Holding legitimate refund due to the assessee assigning the reason that Miscellaneous Application is filed before the Income Tax Appellate Tribunal is not as per Sections 240 and section 241 of Income Tax Act, 1961. Section 240 covers the refund in case of Appeal effect.
Punjab and Haryana High Court:
Naurata Ram v. CIT [1998] 100 Taxman 266
A conjoint reading of the provisions of sections 240 and 241 shows that in the ordinary circumstances the Assessing Officer has to refund the amount which has become due to the assessee as a result of any order passed in appeal or other proceedings under the Act. Proviso to section 240 specifies two circumstances in which the refund cannot be granted as a matter of course. Section 241 empowers the competent authority to withhold refund in certain cases provided that the Assessing Officer forms an opinion that the grant of refund is likely to adversely affect the revenue. Such an order can be passed only with the previous approval of the Chief Commissioner or Commissioner.
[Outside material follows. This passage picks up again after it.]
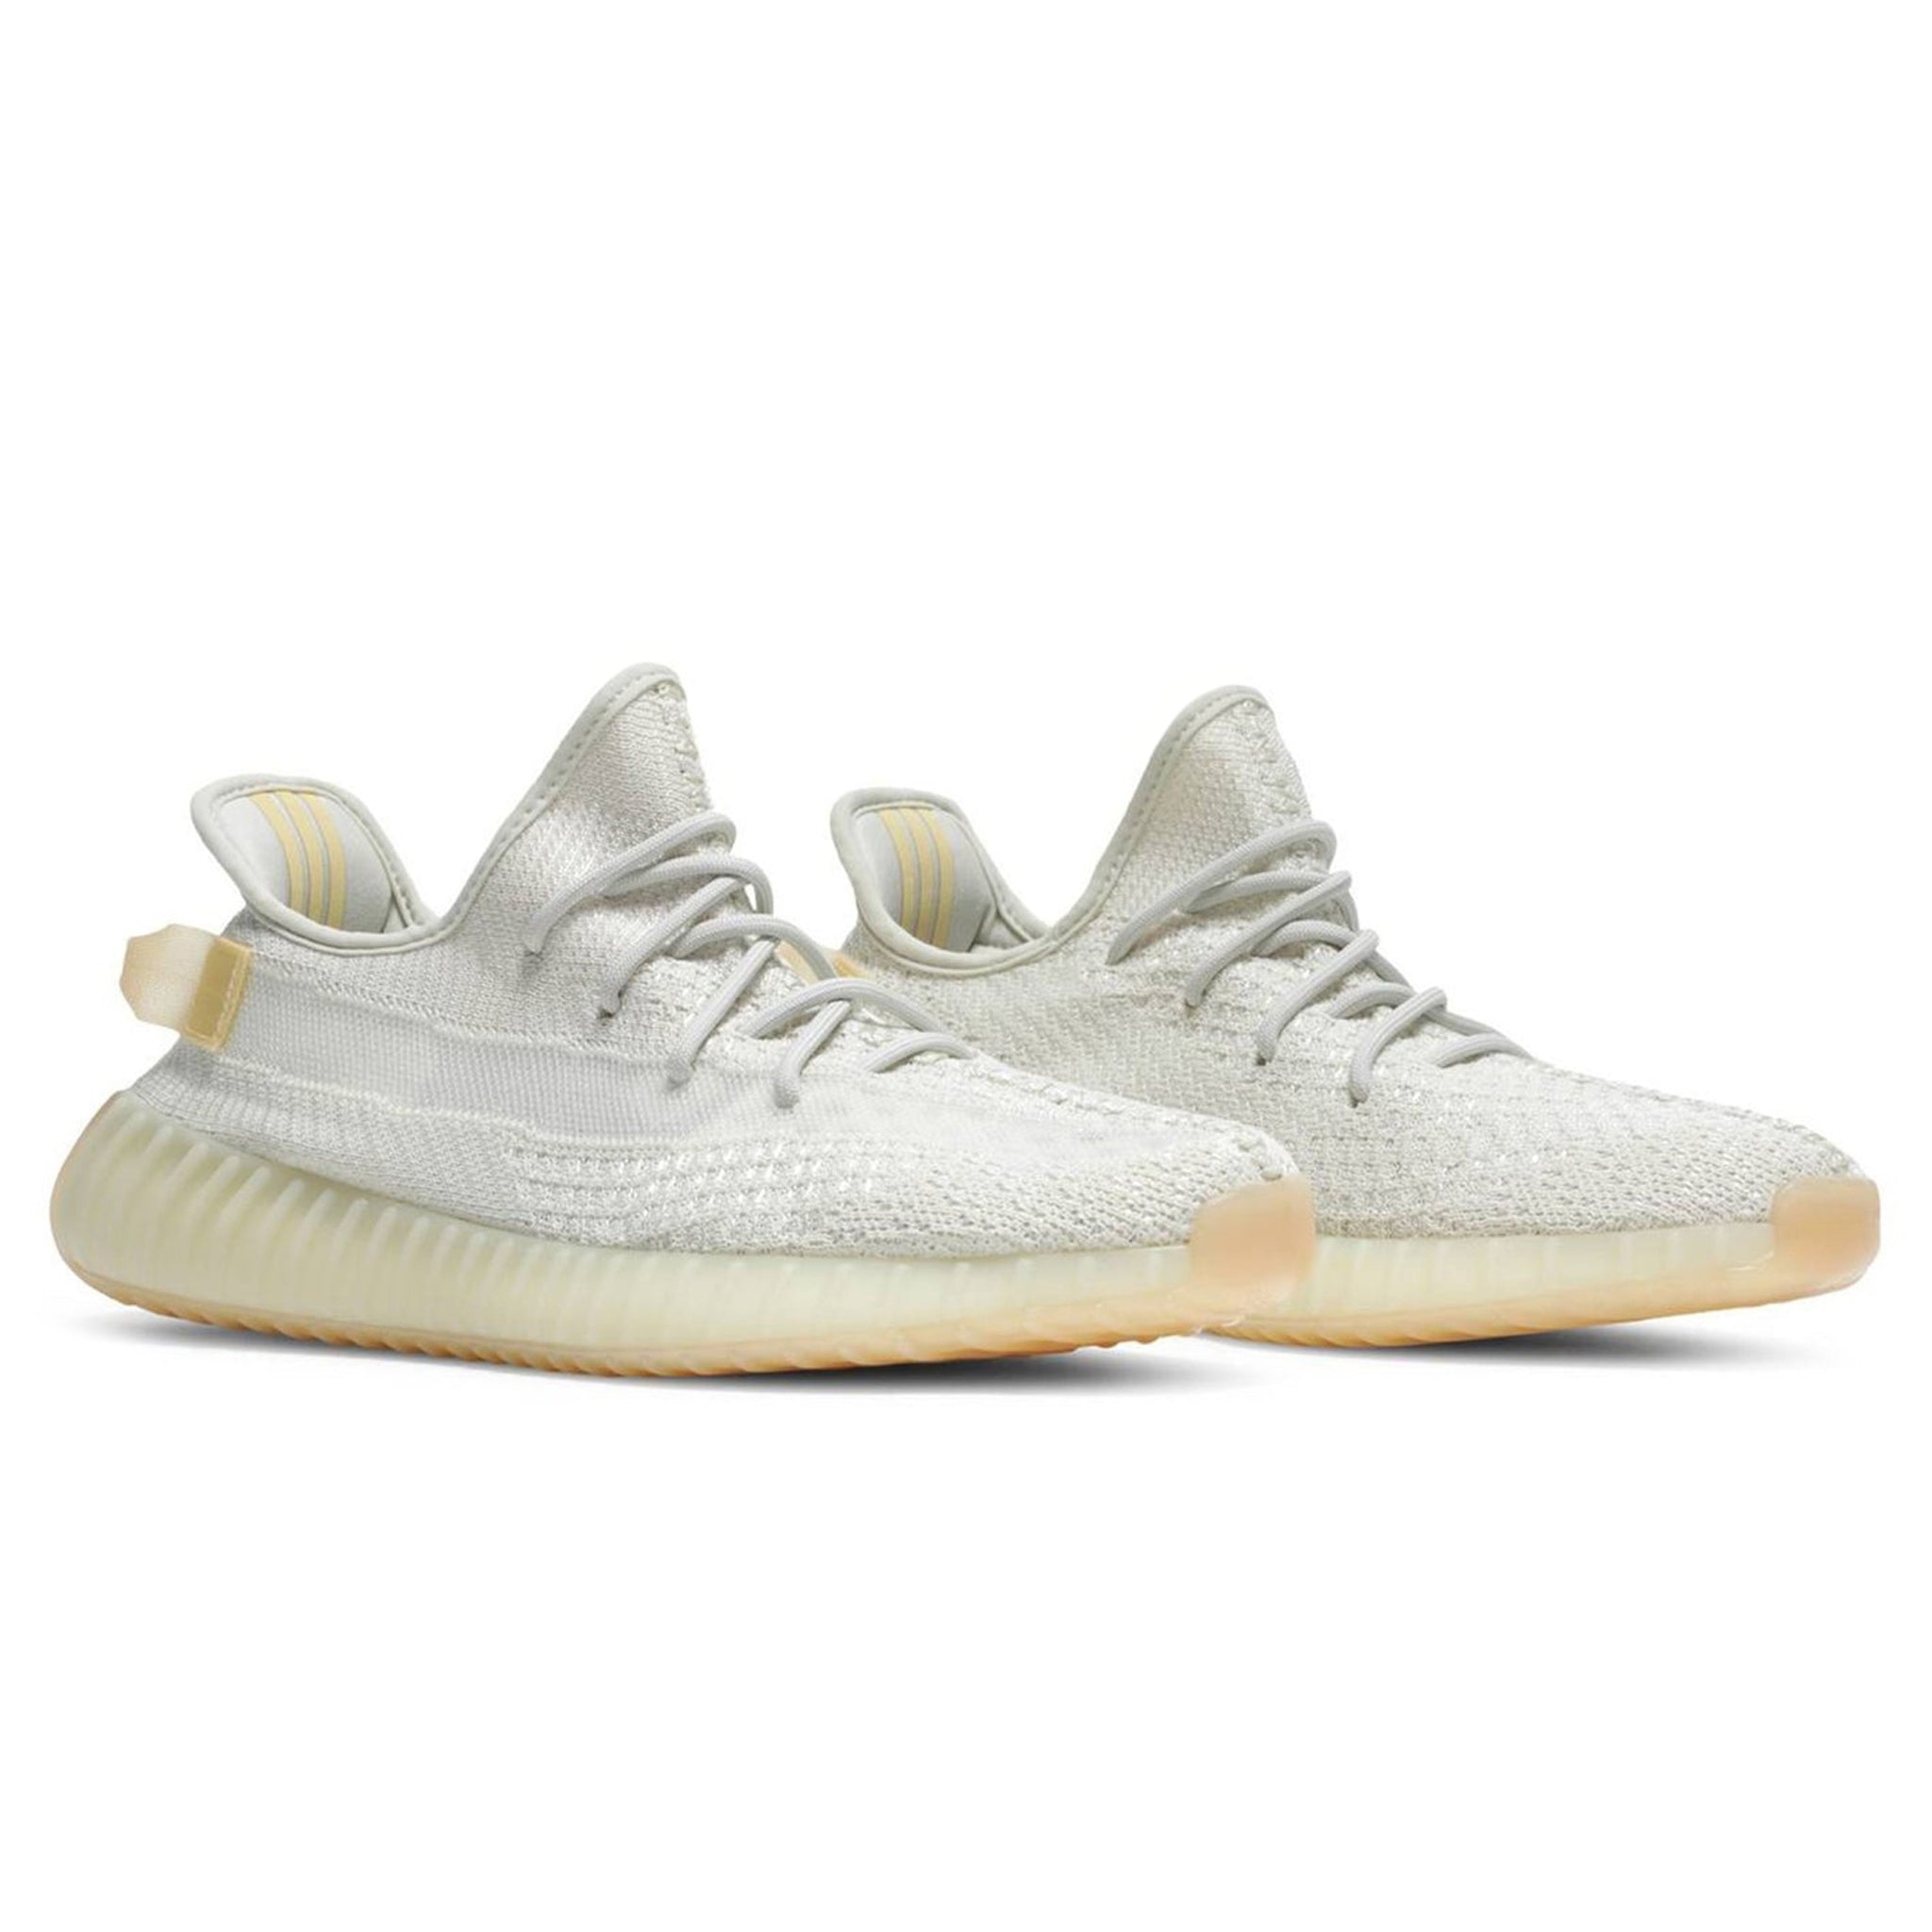 Front side view of Adidas Yeezy Boost 350 V2 Light GY3438

The power to withhold the refund cannot be exercised merely because some proceedings are pending before the authorities constituted under the Act or a Court of law. In other words, mere pendency of the proceedings cannot itself be a ground to deny the refund on the assumption that such refund would adversely affect the revenue. The competent authority has to form an opinion on the basis of relevant material for coming to the conclusion that the order of refund will necessarily cause prejudice to the revenue of the State. If the Legislature had intended to prohibit the refund of the amount due to the assessee only on the ground that the revenue has preferred an appeal/revision, etc., then section 240 would have been couched in a different phraseology. Absence of specific provision in the statute providing for withholding of refund only on the ground of pendency of the proceedings is clearly indicative of the intention of the Legislature that pendency of proceedings will not by itself be a ground for withholding the refund.
Hence, the writ petition was allowed, and the Assessing Officer directed to refund the amount due to the assessee.
Shreyans Industries Ltd. v. CIT [1998] 101 Taxman 498/[2001] 252 ITR 544 (Punj. & Har.),
Section 241 authorises the Assessing Officer to withhold the refund with the previous approval of the Commissioner for such time as may be determined by the Commissioner, but some facts are required to be brought on record to justify the withholding of refund. The mere fact and the only fact that the order was under challenge either before the High Court or before the Tribunal, was no ground to withhold the refund or to reach a conclusion that the refund would adversely affect the revenue. In the instant case, a huge amount had been withheld only on the ground that the appeal against the order of the Commissioner (Appeals) was pending before the Tribunal. No material was forthcoming on the record which could justify the withholding of the refund. The petitioner who was an assessee was not shown to be in default in the payment of income-tax dues or even in the matter of filing of returns. Once that was so the order of the Assessing Officer recommending the withholding of refund and the order of the Commissioner granting the approval for withholding of the refund, could not be justified under the provisions of section 241. Therefore, the orders of the Commissioner withholding refund were quashed and the revenue was directed to pay the amount to the petitioner in accordance with law.